落語に見る食の風景④~豆腐
子供の頃、町内のお豆腐屋さんではその日に売れ残った豆腐が半額・・・昭和40年前後で1丁5円か10円だったような・・・で買えるので、夕方によく鍋を持って買いに走らされました。
角が少し欠けたような豆腐をおまけしてくれたりして、子供心に嬉しかったことを覚えています。
豆腐は中国、韓国などアジア各国で日常的に食べられていますが、ロサンゼルスやウィーンで「TOFU」と標記されて売られているのを見たことがあります。今や日本を代表する食材の一つといえます。
日本には遣唐使によって伝えられたといわれていますが、初めは上流階級の食べ物で庶民の口に入る代物ではなかったそうです。
庶民の食生活に根付いたのは江戸中期頃からで、落語の歴史とほぼ同じくらいです。
天明2年(1782)に「豆腐百珍」なる豆腐料理のレシピ本が出版されてベストセラーになっています。
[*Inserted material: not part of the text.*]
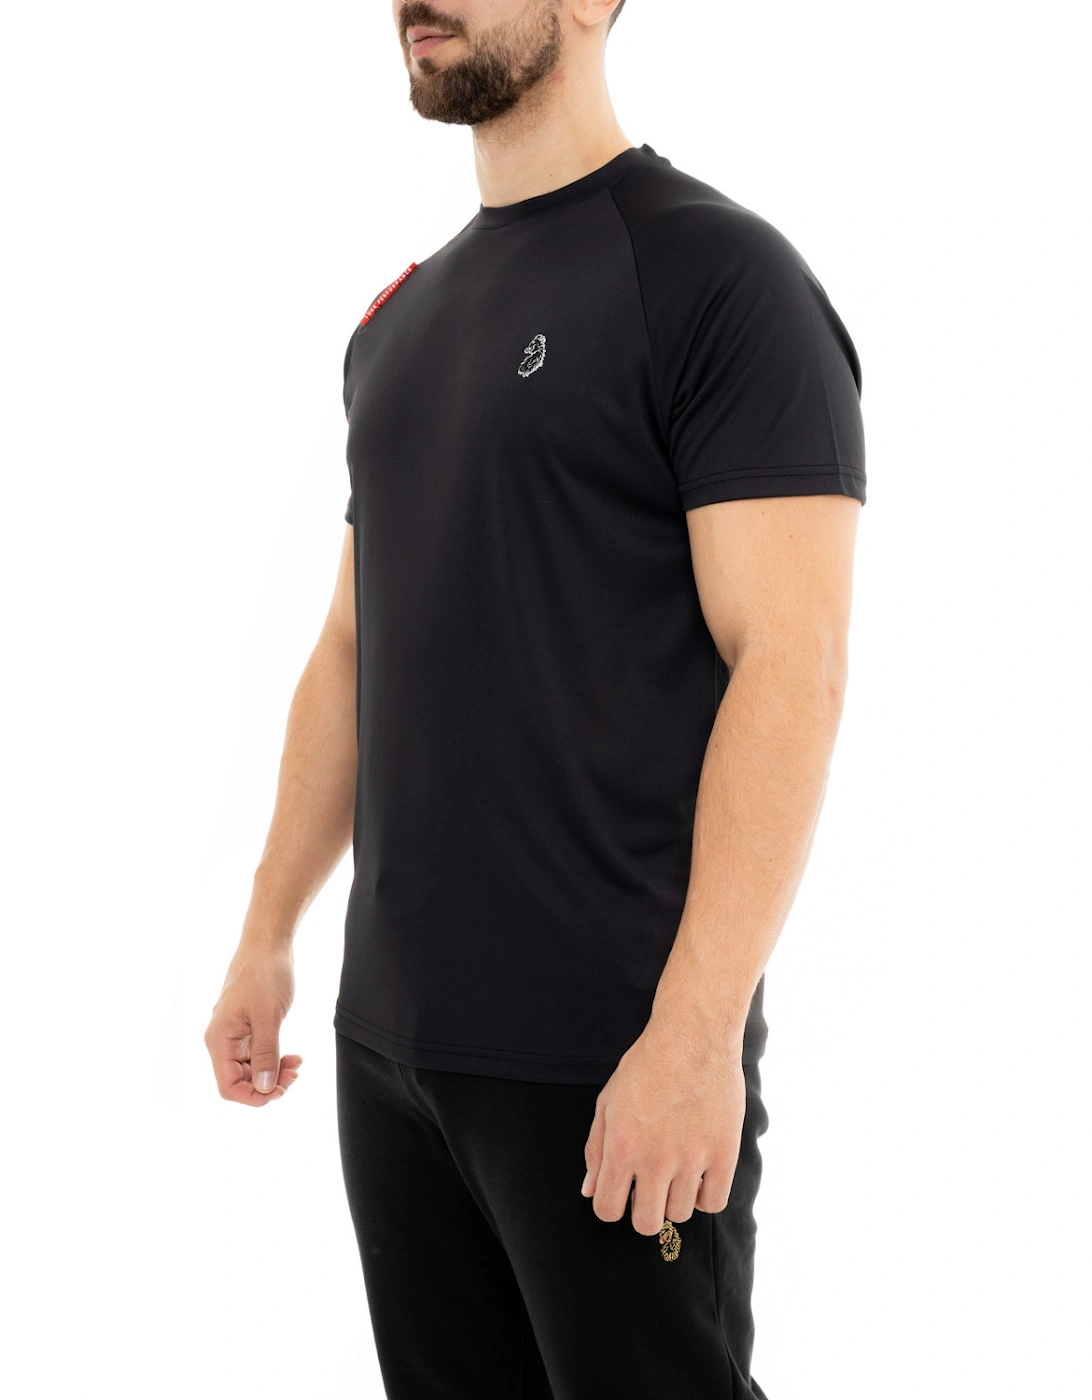 LUKE Mens Sport Crunch Performance Jersey T-shirt (Black)

その内容たるや、ほとんどが今日のメニューとして再現できるもので、改めて江戸の食文化の高さに感心させられます。
「豆腐百珍」現代版では再現レシピを紹介。
「豆腐百珍」現代版 「豆腐百珍」原版
そんなわけで、落語には豆腐や豆腐屋を題材とした演目が本当にたくさんあります。
「酢豆腐」は、暑い盛りに腐ってカビが生えている豆腐を、知ったかぶりで通人気取りの気に食わない若旦那に食べさせてしまうという噺。
「若旦那、これは一体なんてえんです?」
「これは、酢豆腐でげすな」と知ったかぶりをするところが、なんとも滑稽です。
若干ストーリーが違いますが、同様の噺が上方では「ちりとてちん」という演目になっています。
最近、東京の噺家でも「ちりとてちん」と題して演じている人もいます。
「甲府ぃ」は甲州から江戸に出てきた善吉という男が、懐中物をスリに盗られて一文無しになってしまいます。
ひもじさに豆腐屋の前で湯気を立てている卯の花(おから)をつい盗み食いするところから幕が開きます。
善吉の宗旨が自分と同じ法華宗と知った豆腐屋の主人は、善吉を住み込みで働かせることに。
「豆腐ぃ、ゴマ入りがんもどき」という売り声を教わり、働き者の善吉はあっという間に人気者になって店は大繁盛です。主人は益々気に入って、善吉を一人娘のお花の婿にしてしまいます。
若夫婦が、甲府の叔父さんへの報告と、身延山の願解きのために旅に出ることになりました。
旅支度を整えて店先に立つと、近所の人達が、仲睦まじい似合いの二人に「どこまで行くんだい?」
それに答えて善吉が「甲府ぃ(豆腐ぃ)」と言い、お花が続けて「お参り願ほどき(ゴマ入りがんもどき)」というサゲです。
「徂徠豆腐」は別名「出世豆腐」ともいい、荻生徂徠が柳沢吉保に召抱えられる前後の噺です。
徂徠先生が貧乏をしていた頃、豆腐屋七兵衛に炊いた卯の花(おから)を毎日差し入れてもらいます。
後に七兵衛の家が火事で丸焼けになった時、恩返しで徂徠先生が助けてやるという噺です。
おから(卯の花)を食べていた鹿を誤って殺してしまった豆腐屋に奉行が温情ある裁きを下す「鹿政談」や義太夫の会に行きたくない豆腐屋が、がんもどきの大量注文があったので行けないと言い訳をする「寝床」など、落語に登場する豆腐の噺はどれもこれも庶民的です。
豆腐はそのままで冷や奴に、ちょっと手を加えて湯豆腐や揚げだし豆腐に・・・低脂肪で高たんぱくで理想的な食品です。
豆乳、おから(卯の花、きらず、おかべ等呼び方も多様)、油揚げ、厚揚げ、がんもどき、焼き豆腐と豆腐メニューのバリエーションは無限大。
値段も手頃で、庶民の台所になくてはならない食材です。